The images=[b64] keyword passes through **kwargs in _generate_impl directly to the Ollama request payload. The same OllamaLLM class works for text and vision models; Ollama routes the payload to the right model.

Install#

bash
uv add opensymbolicai-core
ollama pull qwen2.5-coder:7b
ollama pull gemma4:e2b

A sample image is downloaded automatically on first run.

Run it#

bash
uv run main.py

Three questions are asked about the same image:

python
text_llm   = OllamaLLM(model="qwen2.5-coder:7b")
vision_llm = OllamaLLM(model="gemma4:e2b")

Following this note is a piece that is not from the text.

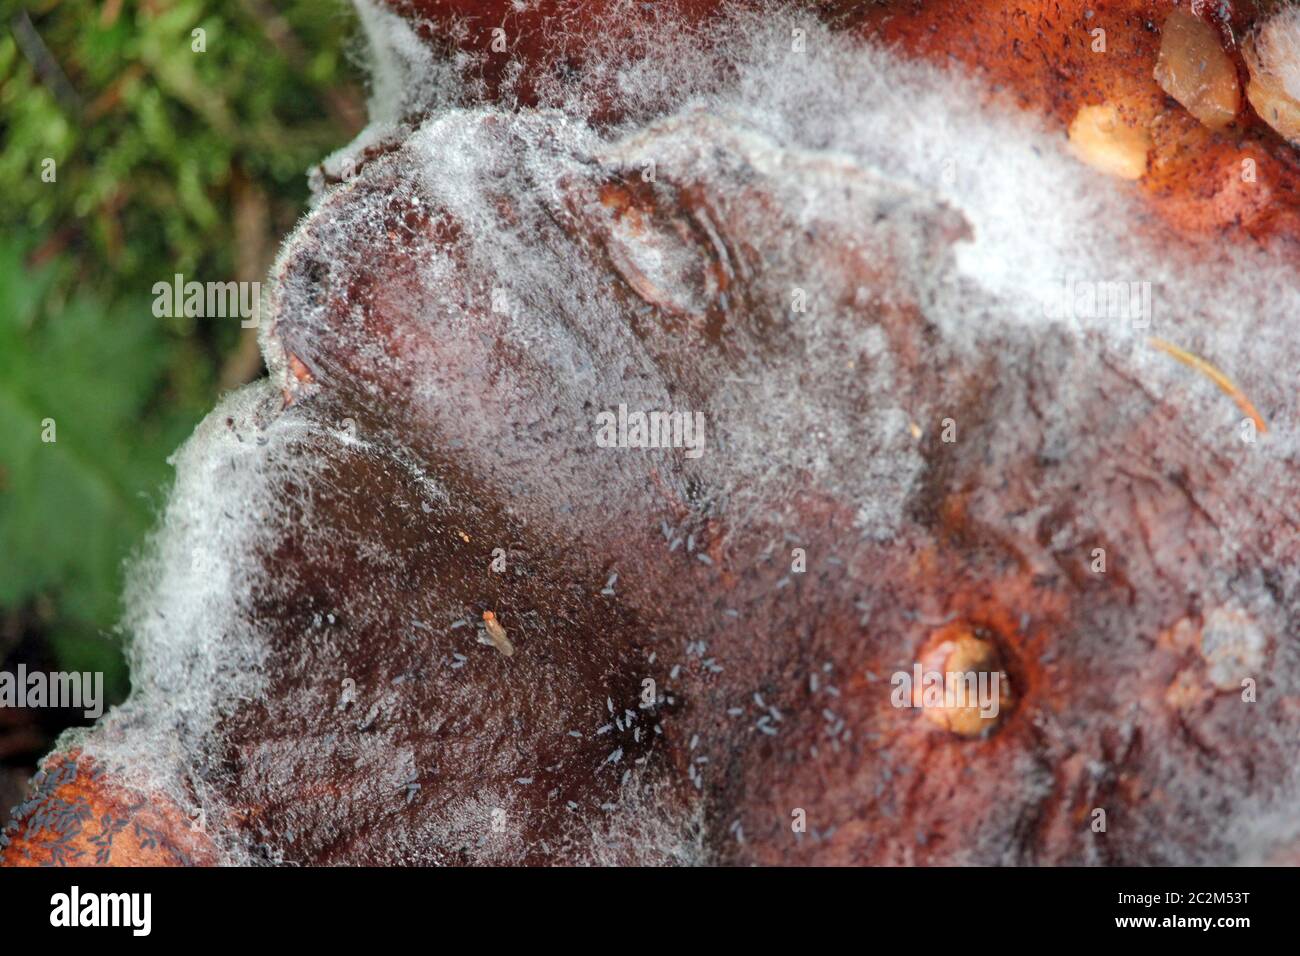 fungus with mold Stock Photo

for question in QUESTIONS:
    agent = ImageAgent(llm=text_llm, vision_llm=vision_llm)
    result = agent.run(f"Look at {SAMPLE_IMAGE}. {question}")

Sample output#

text
Text model  : qwen2.5-coder:7b
Vision model: gemma4:e2b
Image       : sample.jpg
==================================================

Q: What is in this image?
   Plan  : description = describe_image('sample.jpg')
           result = answer('What is in this image?', description)
           return respond(result)
   Answer: A panoramic view of a rugged, mountainous landscape with a deep
           valley, dense forestation, and clear bright lighting.

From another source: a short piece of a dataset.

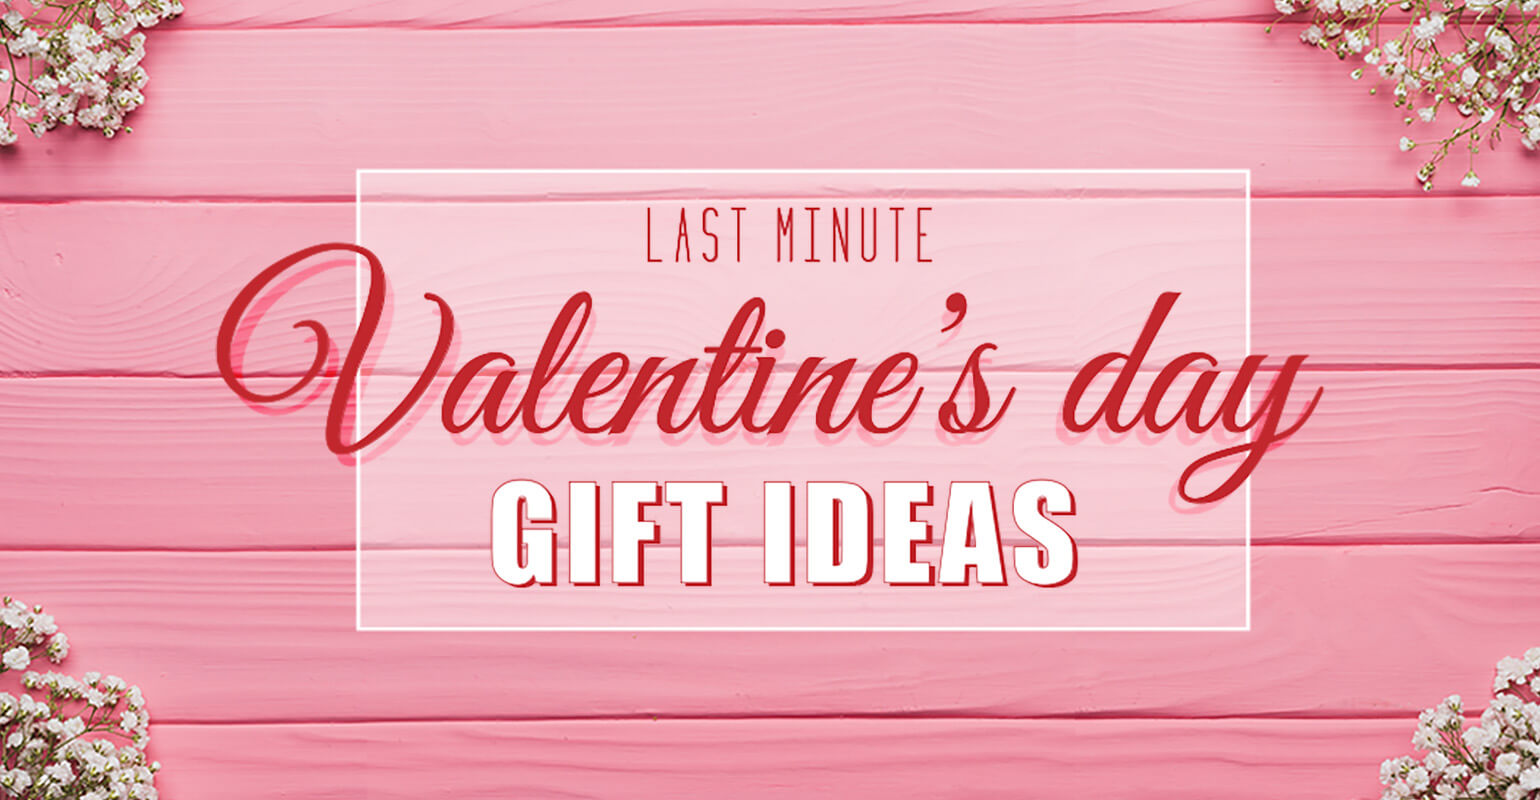 Last Minute Valentine's Day Shopping Guide

Q: What colors are most prominent?
   Plan  : description = describe_image('sample.jpg')
           colors = answer('What colors are most prominent?', description)
           return respond(colors)
   Answer: Dark green for the lush vegetation, gray for the rock formations,
           blue for the sky, and white for the wispy clouds.

Q: Is there any water visible?
   Plan  : description = describe_image('sample.jpg')
           result = answer('Is there any water visible?', description)
           return respond(result)
   Answer: Yes, there is a calm body of water running through the bottom
           of the valley.

What to notice#

The text model never sees the image. qwen2.5-coder:7b writes the plan and calls answer with a text description. It never receives raw image bytes. The VLM never sees the question; it only describes what is visible. Each model stays within its strengths.

describe_image is called once and cached. Both OllamaLLM instances are constructed with InMemoryCache(). The first question triggers a VLM call; the second and third questions get the same description from cache. The VLM is only asked once per unique image path per run.

Injecting models as constructor arguments is the pattern. Extra models go in alongside llm=, stored as instance variables, and called directly inside primitives. The planning model (passed as llm) stays responsible for writing plans; it does not know that other models exist.

python
text_llm   = OllamaLLM(model="qwen2.5-coder:7b")
vision_llm = OllamaLLM(model="gemma4:e2b")

agent = ImageAgent(llm=text_llm, vision_llm=vision_llm)

The same pattern extends to any combination: an embedding model, a code model, a reasoning model. Each is injected where needed and called only by the primitive that fits.